How does one make an impact? How does one leave a legacy? By being a distinguished and inspirational professor, mentor and friend. Norman Cohn was such a man.

Cohn received his bachelor’s degree from the University of Pennsylvania, a master’s from the University of Kentucky and his doctorate from Yale University, making him an expert in the field of environmental and plant biology. Joining the Ohio University faculty in 1959 as a professor, he went on to serve as chair of the botany department and dean of the Graduate College for 11 years. He retired as a Distinguished Professor Emeritus of Environmental and Plant Biology in 1996.

“He was brilliant, funny, a remarkable teacher and an inspiration,” said Bob Goldberg, a 1966 OHIO graduate and distinguished professor of molecular, cell and developmental biology at the University of California. “Norm was a mentor to me and introduced me to what excellent teaching is, as well as what research is all about.”

Beyond the classroom, Cohn was active in the Ohio Valley Summer Theater in Athens for more than three decades. He served on the board from 1975 to 1980 and played several roles in various performances such as in “You Can’t Take It With You” as Paul Sycamore and in “Harvey” as Elwood P. Dowd. In 1982, he was recognized with the organization’s Baedecker Award.
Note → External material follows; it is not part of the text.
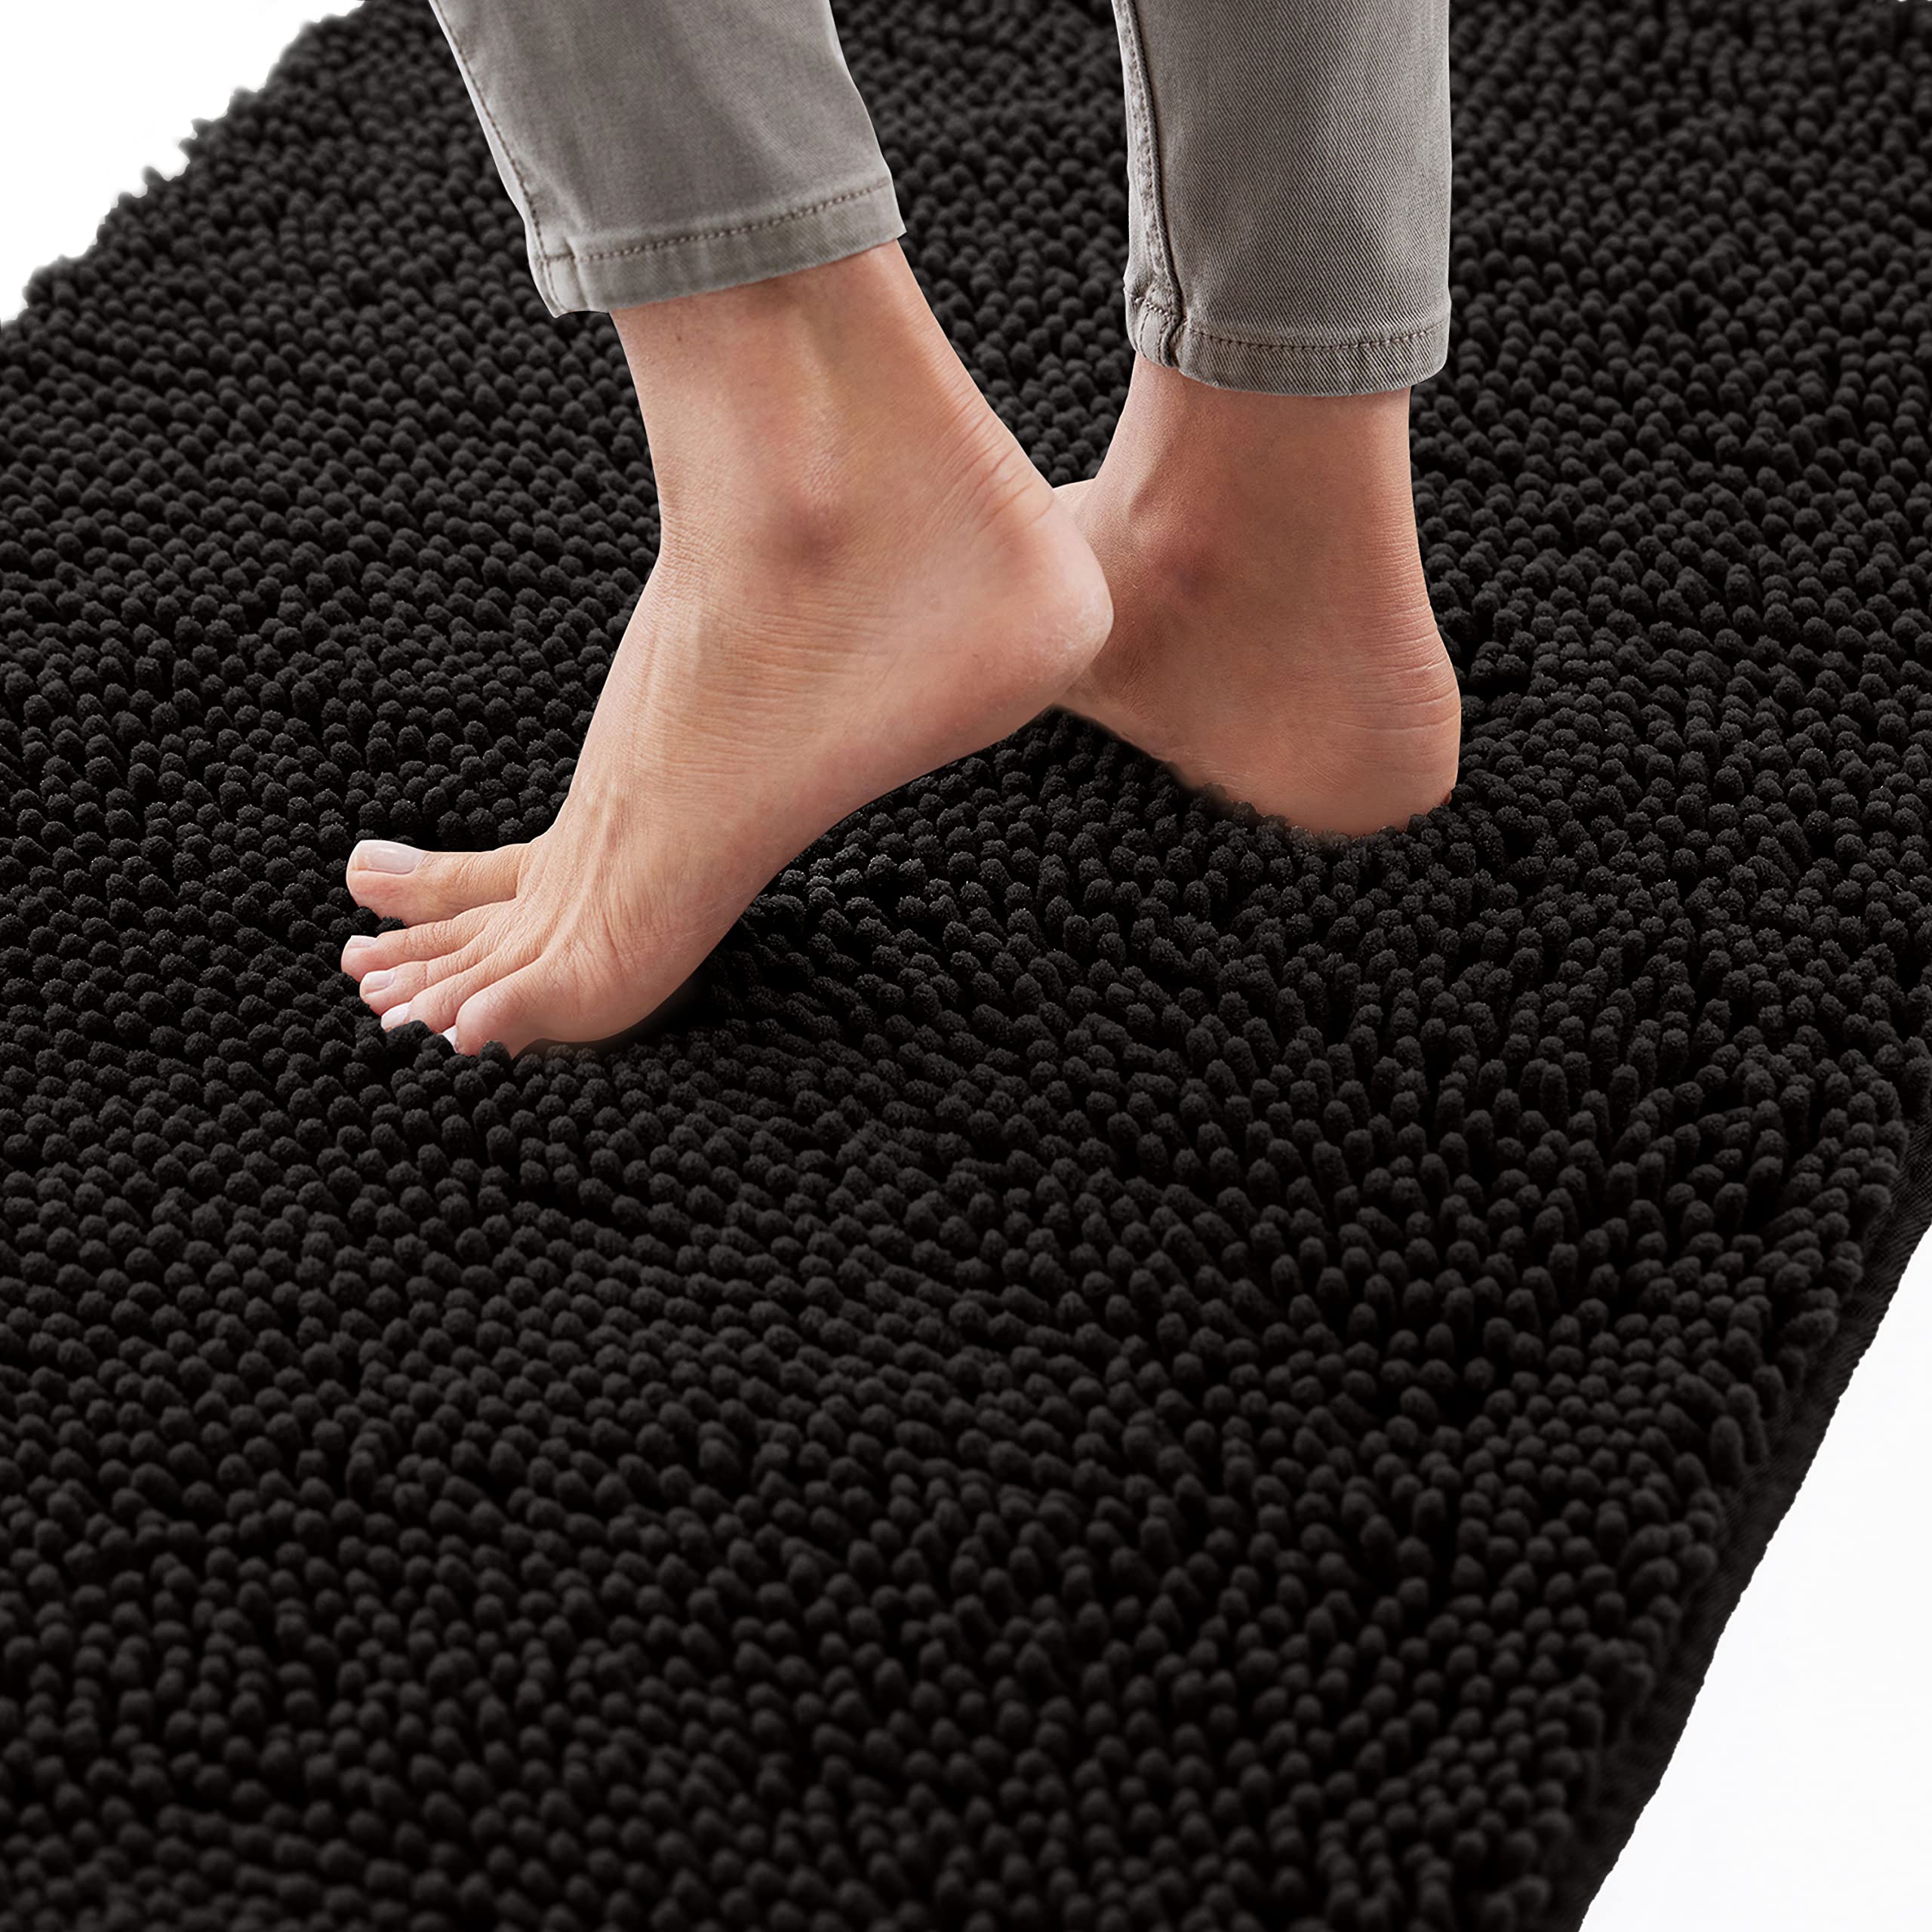 Book Cover Gorilla Grip Bath Rug 44x26, Thick Soft Absorbent Chenille, Rubber Backing Quick Dry Microfiber Mats, Machine Washable Rugs for Shower Floor, Bathroom Runner Bathmat Accessories Decor, Black 44

Cohn died in July 2016 at 86, leaving behind a legacy that has continued in part through the Norman S. Cohn Research Fellowship in Plant Cell and Molecular Biology, established by Goldberg; Ralph Quatrano, MS ’64; and Dean DellaPenna Jr., BS ’84, in honor of their late mentor and friend.
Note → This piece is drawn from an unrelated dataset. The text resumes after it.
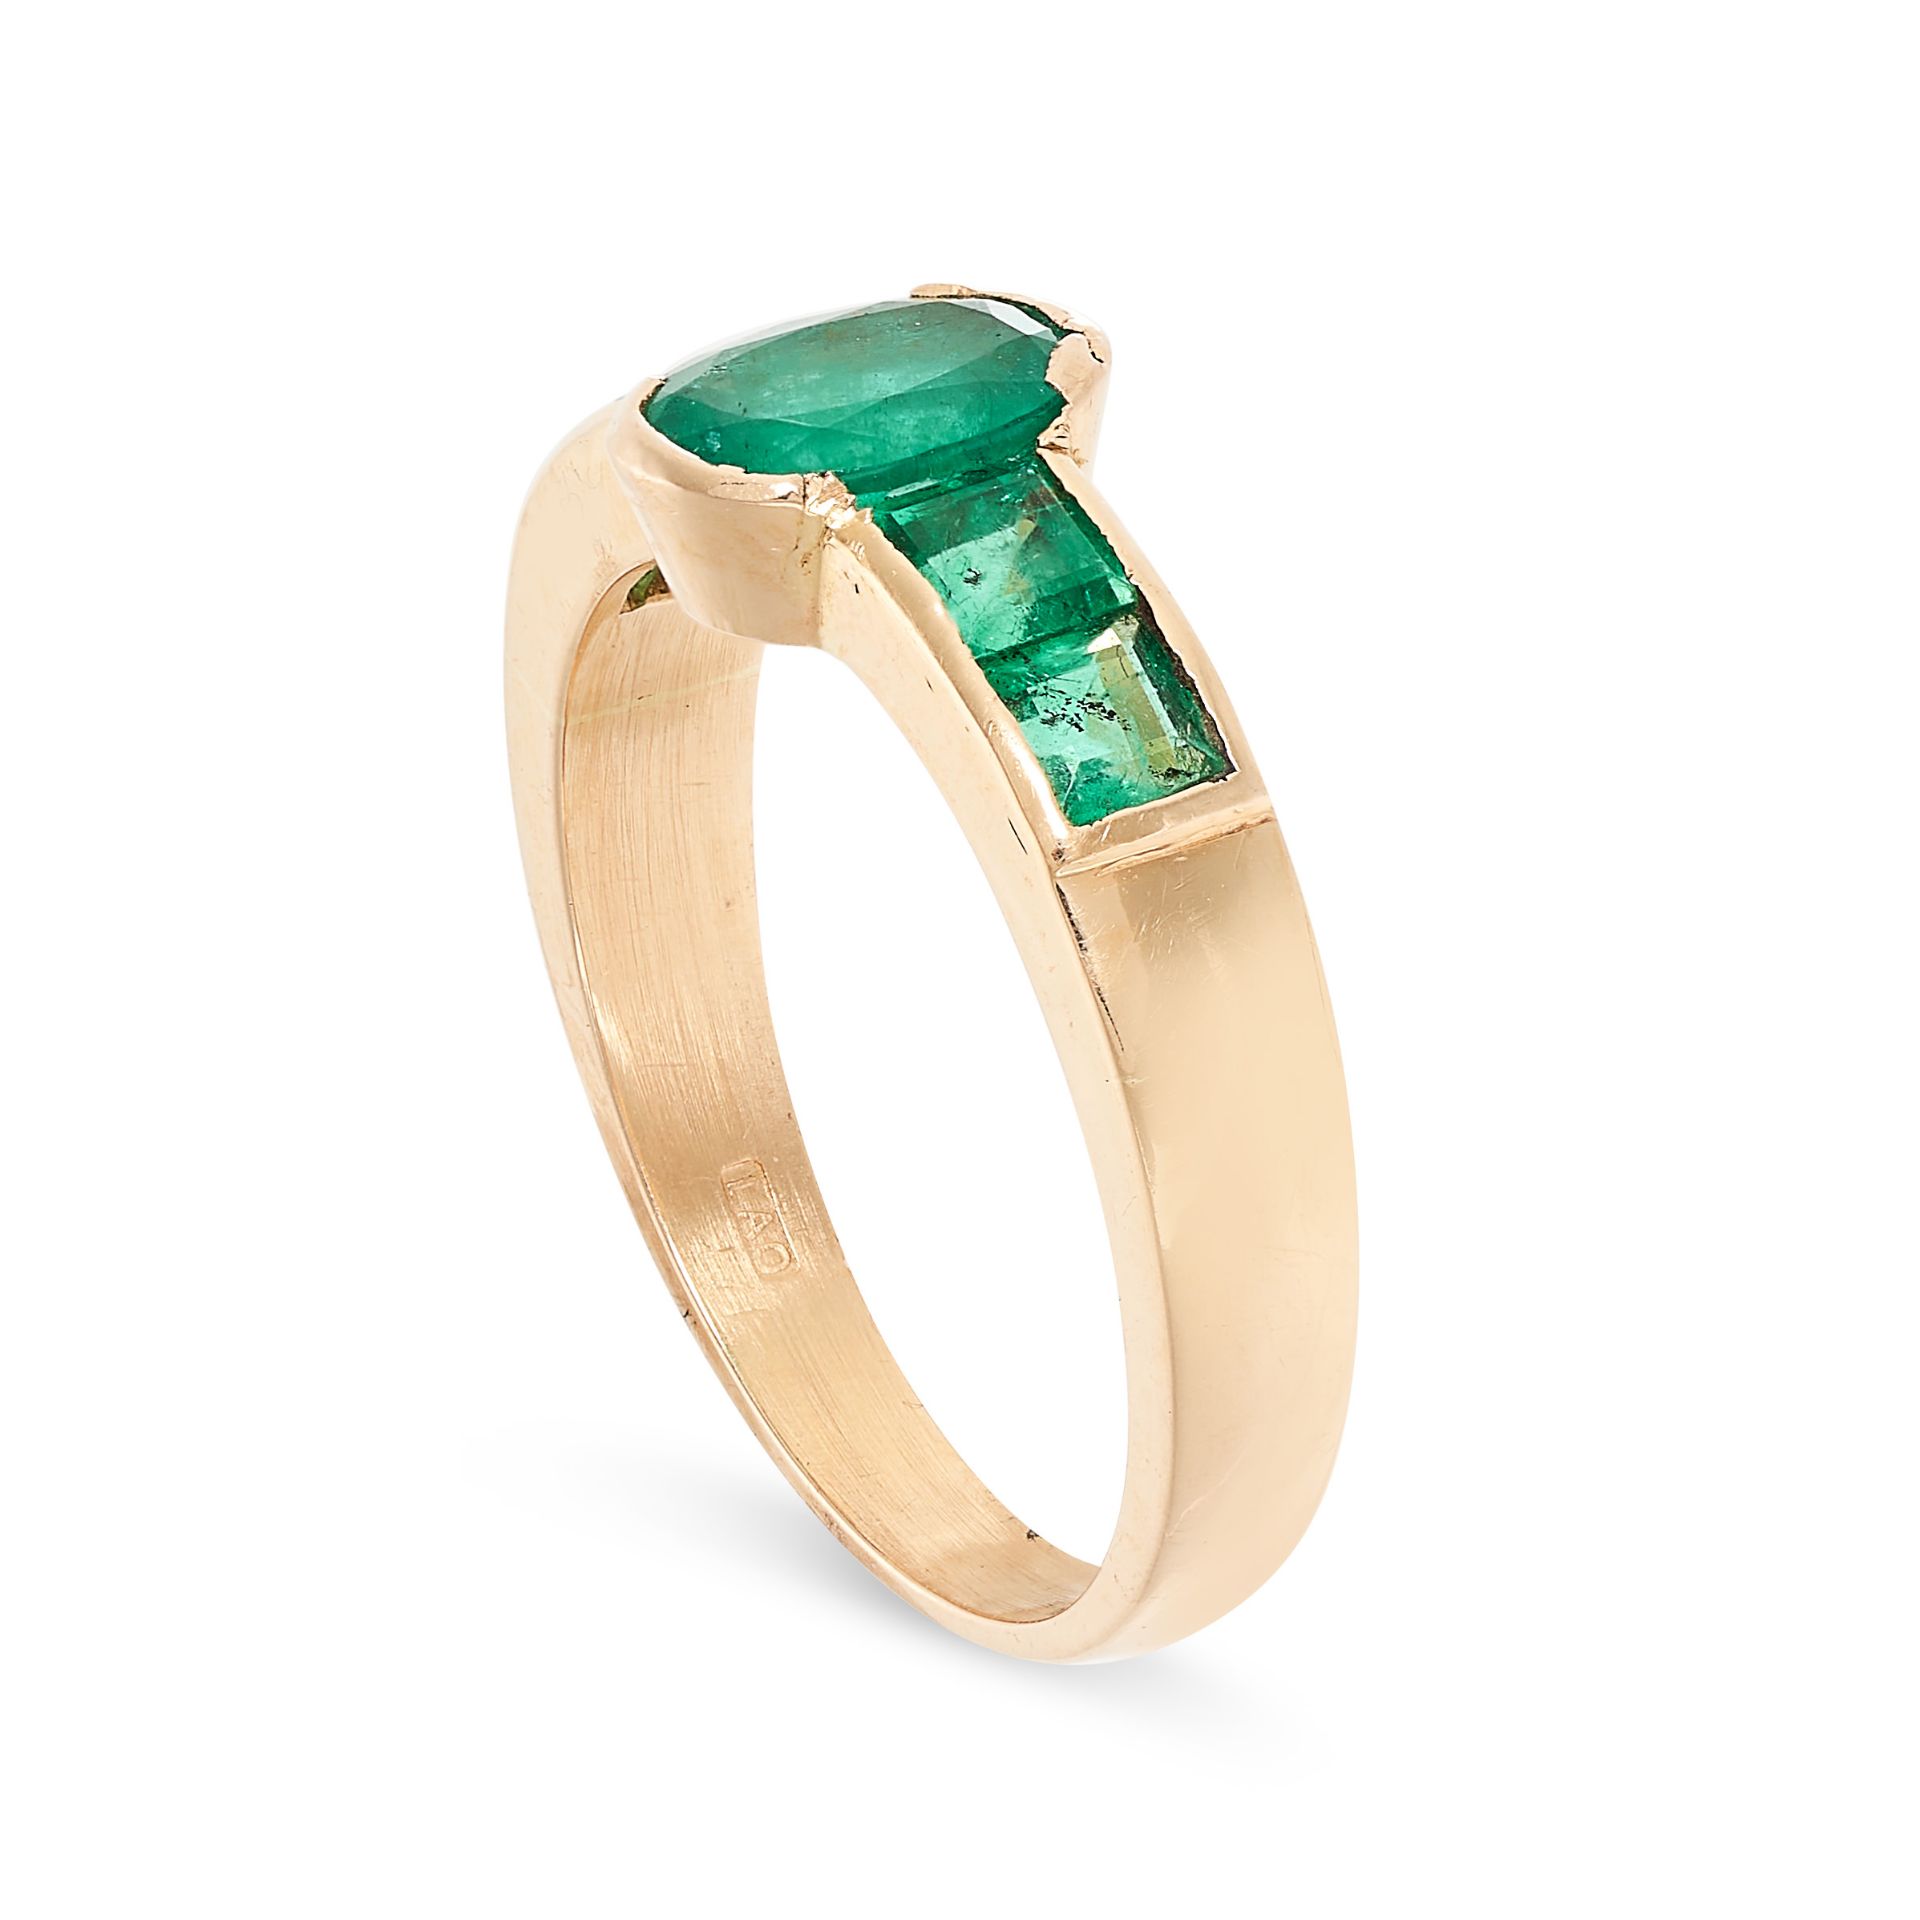 AN EMERALD DRESS RING in 18ct yellow gold, the band set with an oval cut emerald between step cut - Image 2 of 2

Candidates for the fellowship must plan to conduct research during the summer semester and have a minimum 3.0 GPA.

“Having a young student being inspired to go into plant research would be the perfect memory,” Goldberg said.

That student is Stacy Welker, a senior studying environmental and plant biology. Welker was awarded the $2,000 fellowship to conduct research alongside OHIO Environmental and Plant Biology Professor Allan Showalter. She examined dozens of plants and extracted DNA to study sugar enzymes in plant cell walls.
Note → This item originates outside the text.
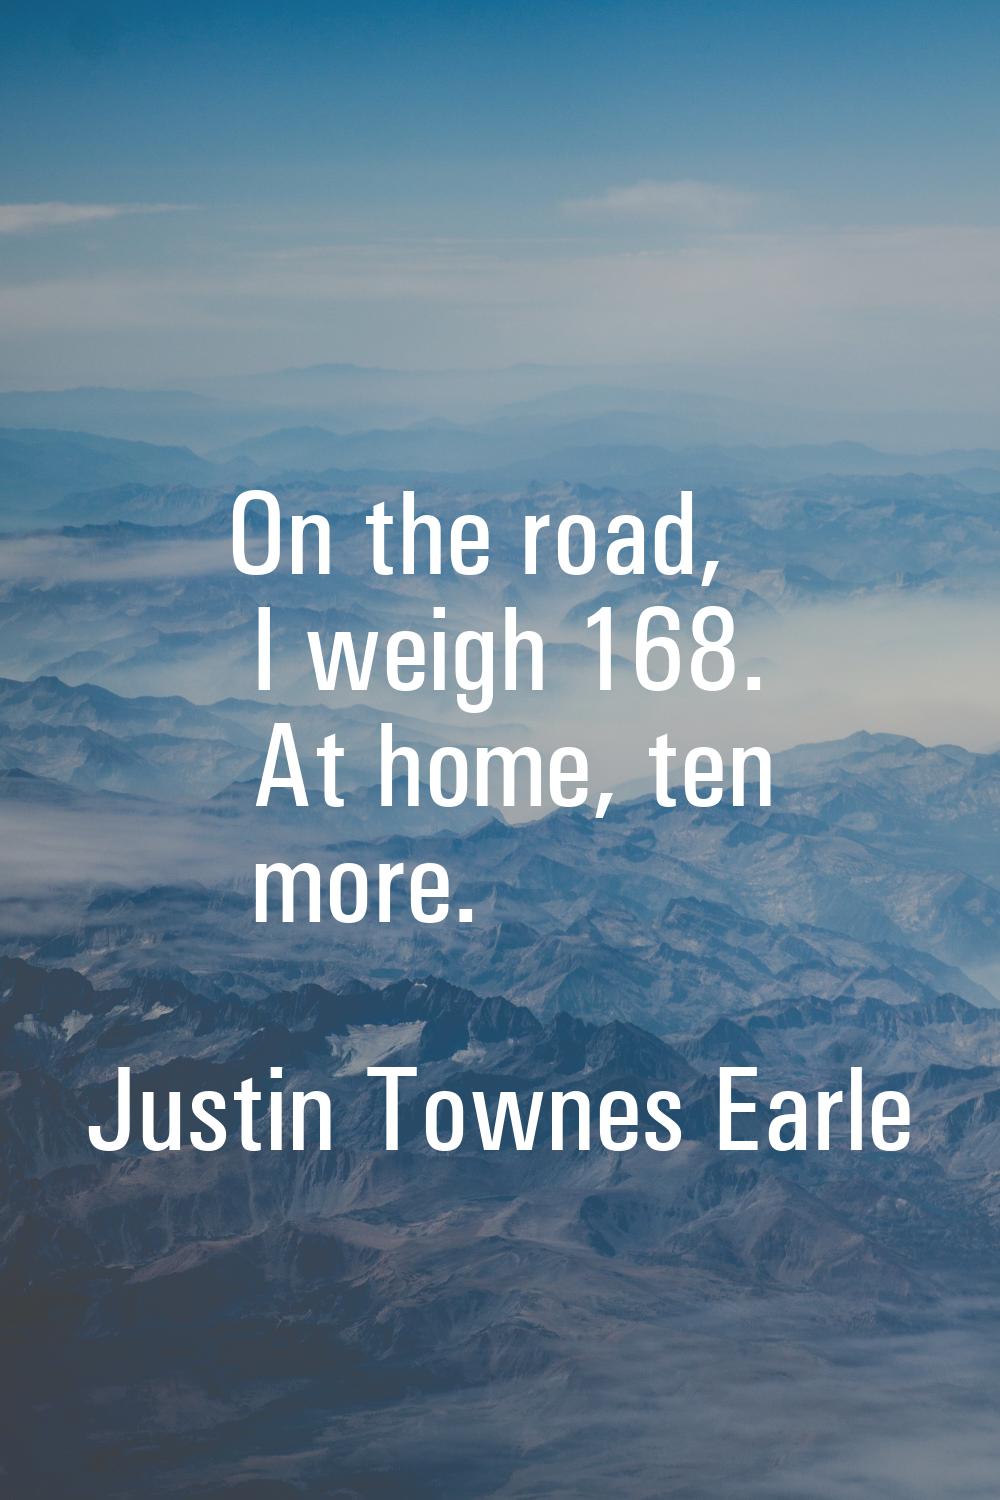 On the road, I weigh 168. At home, ten more.

“The plant cell wall participates in every aspect of the plant's life, so if we can understand how this helps to guide the process of growth, we can use that to better grow crops, or some of these cell wall molecules can be refined and made into products,” Welker said.

Welker also participated in a celebration of Cohn’s memory on Sept. 9 at the first Norman S. Cohn Research Symposium. Faculty, staff and students alike were given the chance to present their research findings in any facet of science.

Welker presented her work with Showalter and the progress they had made over the summer.

“(Stacy) made great inroads in terms of progress in this process,” Showalter said. “If she wasn’t here to do this, it wouldn’t have gotten done.”